Bolas lurched upright. The voice had been impossibly deep, impossibly dark, and most of all, impossibly close. Behind him was a rip in the fabric of the universe, held open by some impressively sizable talons. Bolas gathered himself into a crouch—talons like those usually belonged to dragons, and from their dimensions, it wasn’t impossible that this new planeswalking dragon, whoever it was, might be even larger than Bolas himself. “Take it easy, pal,” the new dragon said. “I’m not here to fight.”
“It’s a good thing you’re not,” Bolas growled, “because you have no idea who you’re about to—”
“It’s more the other way around,” the new dragon said as he shouldered his way into the world. He stopped, stretched, and gaped his great fanged mouth wide in a jaw-cracking yawn.

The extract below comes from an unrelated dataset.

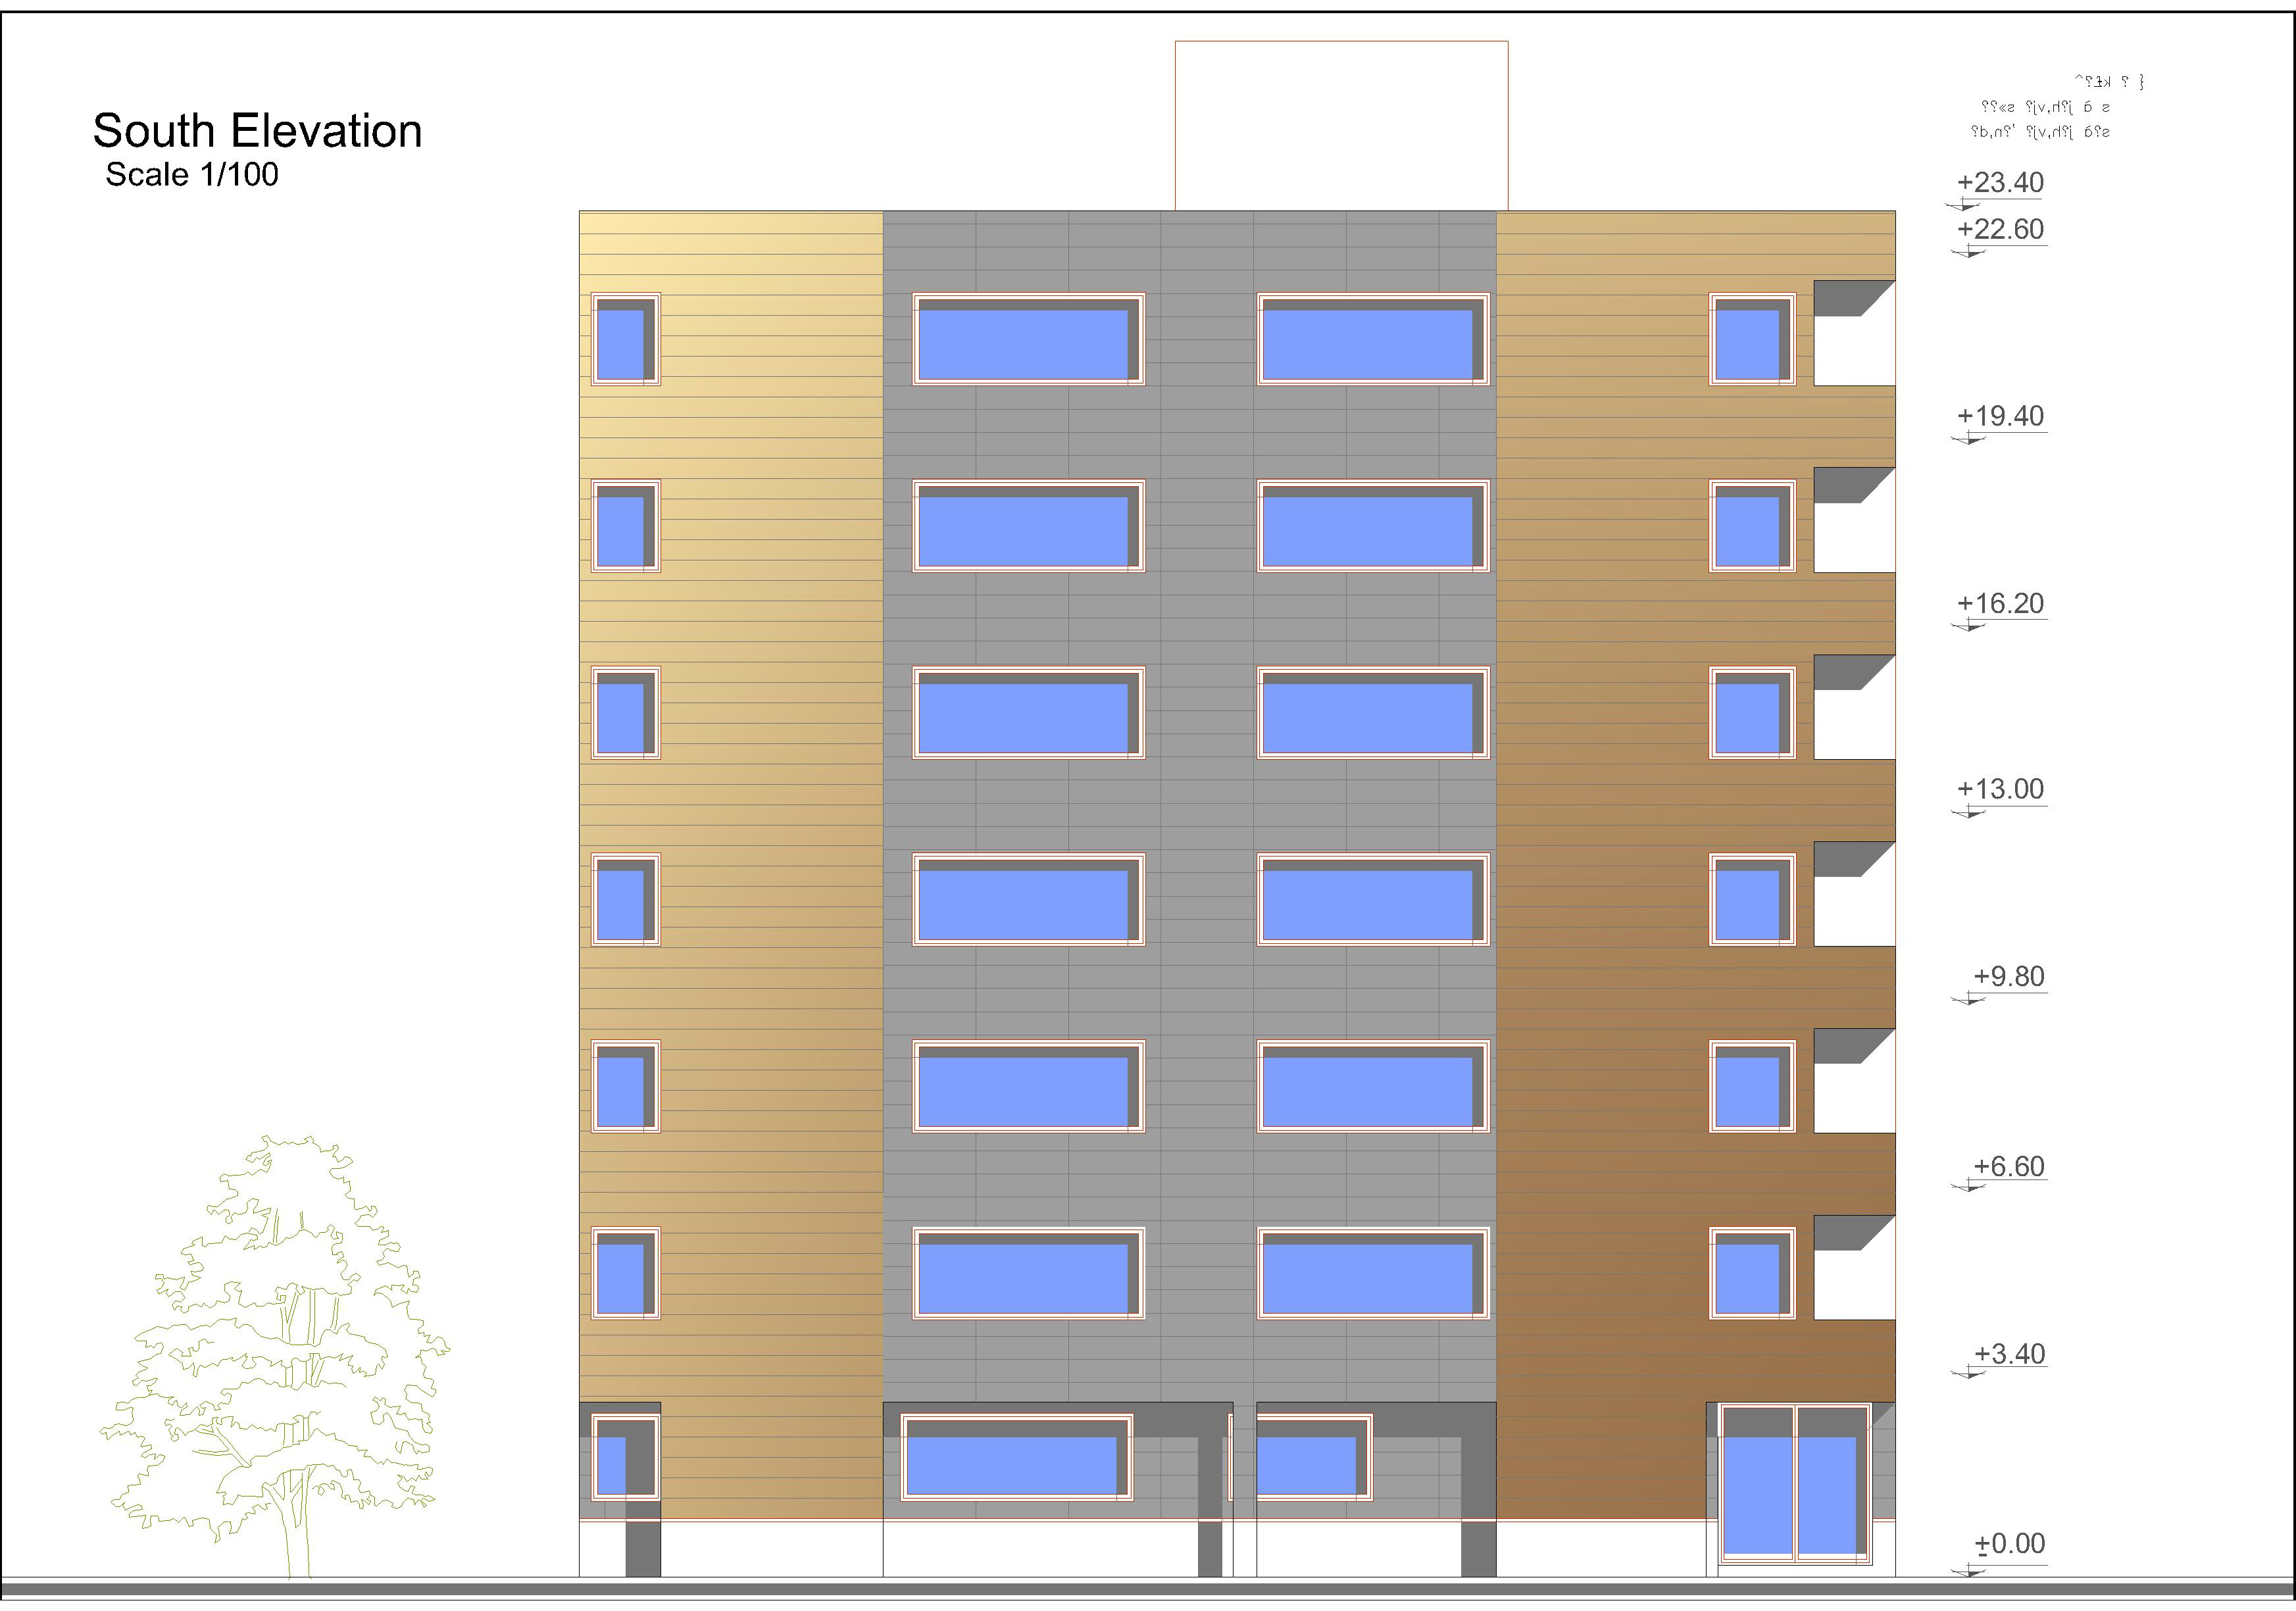 Red line shows the southward-facing façades of this flat where shading panels will be added.

Nicol Bolas stared in uncomprehending astonishment. “You—you look just like me!”
“That’s more the other way around, too.” The dragon grinned down at him, and Bolas realized that despite the resemblance, this dragon was vastly larger than he was, and younger, and possessed of a staggering magnitude of power that Bolas could only faintly glimpse. All his senses, magical as well as physical, told him that this dragon was so powerful he shouldn’t be able to even exist.…
Nothing in his twenty-five thousand years of life had prepared him to face a being like this.
“You—are you—who—I mean, what? What’s going on? It’s as if you’re me.”
“I am you,” the new dragon said with a vast and gleaming fang-filled grin. “You’re the one who’s not you.”
“What?”
“Nice job with Tezzeret, by the way. You learn a lot about someone by how he treats you when he’s got nothing to fear. And now we’ve got him working for us willingly. Enthusiastically. Hells, he thinks he’s doing us a favor.”
Bolas still couldn’t quite get his mind around what was happening, though a terrible dread had begun to curdle in his gut. “Us? What do you mean, us?”
“Oh, well, there’s that, I suppose.” The dragon waved a talon in languid dismissal. “By us, you should understand that I mean me. There is no you. Not really.”
“What?”
“Yeah, I know, you’re having a hard time with this,” the other dragon said sympathetically. “There’s a couple of reasons for that. One is that constructs like you have a pretty limited useful life span. You start to break down only a day or two after you’re created. You must have noticed how it’s gotten harder and harder to think.”
“Constructs? Like me?” Bolas shook his head wildly, as though he could jerk himself awake from this terrible nightmare. “You’re saying I’m … that I’ve always been …”
“Don’t take it too hard,” the other dragon said. “It’s a fail-safe, really. Otherwise, every time I put one like you together, I’d have to chase you down and kill you myself, just to keep you from screwing around in my business.”
“Your business? I still don’t understand.…”
“Of course you don’t. In addition to that construct thing I told you about, I also had to make you pretty stupid.”
“What?”
“If you were a tenth as smart as I am, you would have been ten times too smart to fall into Tezzeret’s trap. As it is, you’ll be dead a few hours from now, and your corpse will evaporate. If I want Tezzeret to find a Nicol Bolas here when he gets back, I’ll have to make another of you. Maybe even several more.”
“You’re saying—you’re saying that you—?”
“Damn, you really are stupid,” the larger dragon said. “Well, I guess Tezzeret can’t be wrong about everything, can he?”
The vast, unimaginably powerful dragon looked down upon the pale, dying simulacrum he had created, and sighed.
“Yes, idiot. I am the real Nicol Bolas,” he said. “And I did not reach my exceedingly advanced age by being stupid enough to do my dirty work in person.”
Magic the Gathering: Test of Metal
Basically I don't see how Ultron can counter this in anyway. Ultron could get around being rapidly aged because his body probably wont break down just by time passing, but Bolas can do so much more than that with time. He can get advanced knowledge on Ultron simply by perceiving how their battle goes on different timelines, he can predict moves, slow Ultron down by putting him in a temporal bubble, or just flood the field with dead Bolas's.